Persatuan Sepakbola Indonesia Pati, commonly known as Persipa Pati, Persipa, is an  Indonesian football club based in Pati, Central Java. The club plays in Liga 2.

History
Persipa Pati was established in the early days of independence in 1951, Laskar Saridin and Kebo Landoh is a nicknames for them. Saridin is an important figure who is respected by the people of Pati. While the Kebo Landoh is Saridin's pet Buffalo whose skin cannot be penetrated by any weapon, their highest achievement is competing in the Liga Indonesia Premier Division.
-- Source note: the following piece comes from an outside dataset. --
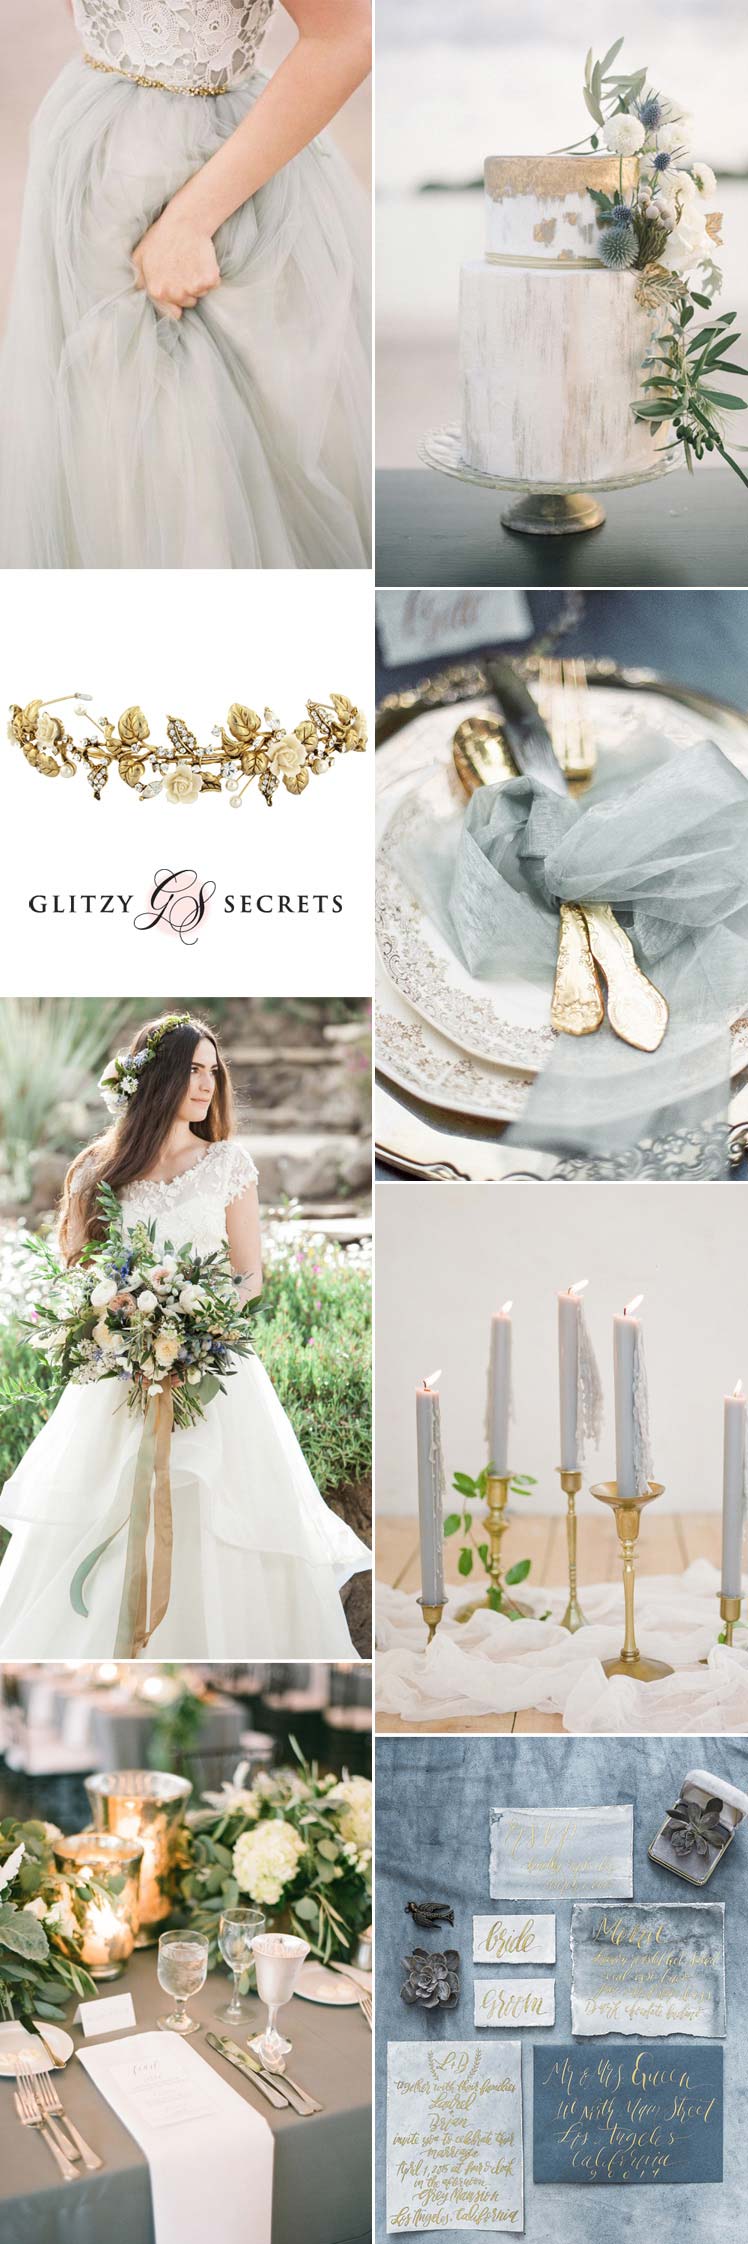 Grey and gold wedding inspiration

This is what Patifosi is longing for at the moment. In one match when Persipa was competing, a banner read "Bapak…!Rasane Divisi Utama Niku Pripun".

In the 2016 Liga Nusantara Central Java zone, Persipa Pati managed to advance to the semifinals, before finally being defeated by Persikaba Blora with a 1-0 aggregate at the Krisdosono Stadium.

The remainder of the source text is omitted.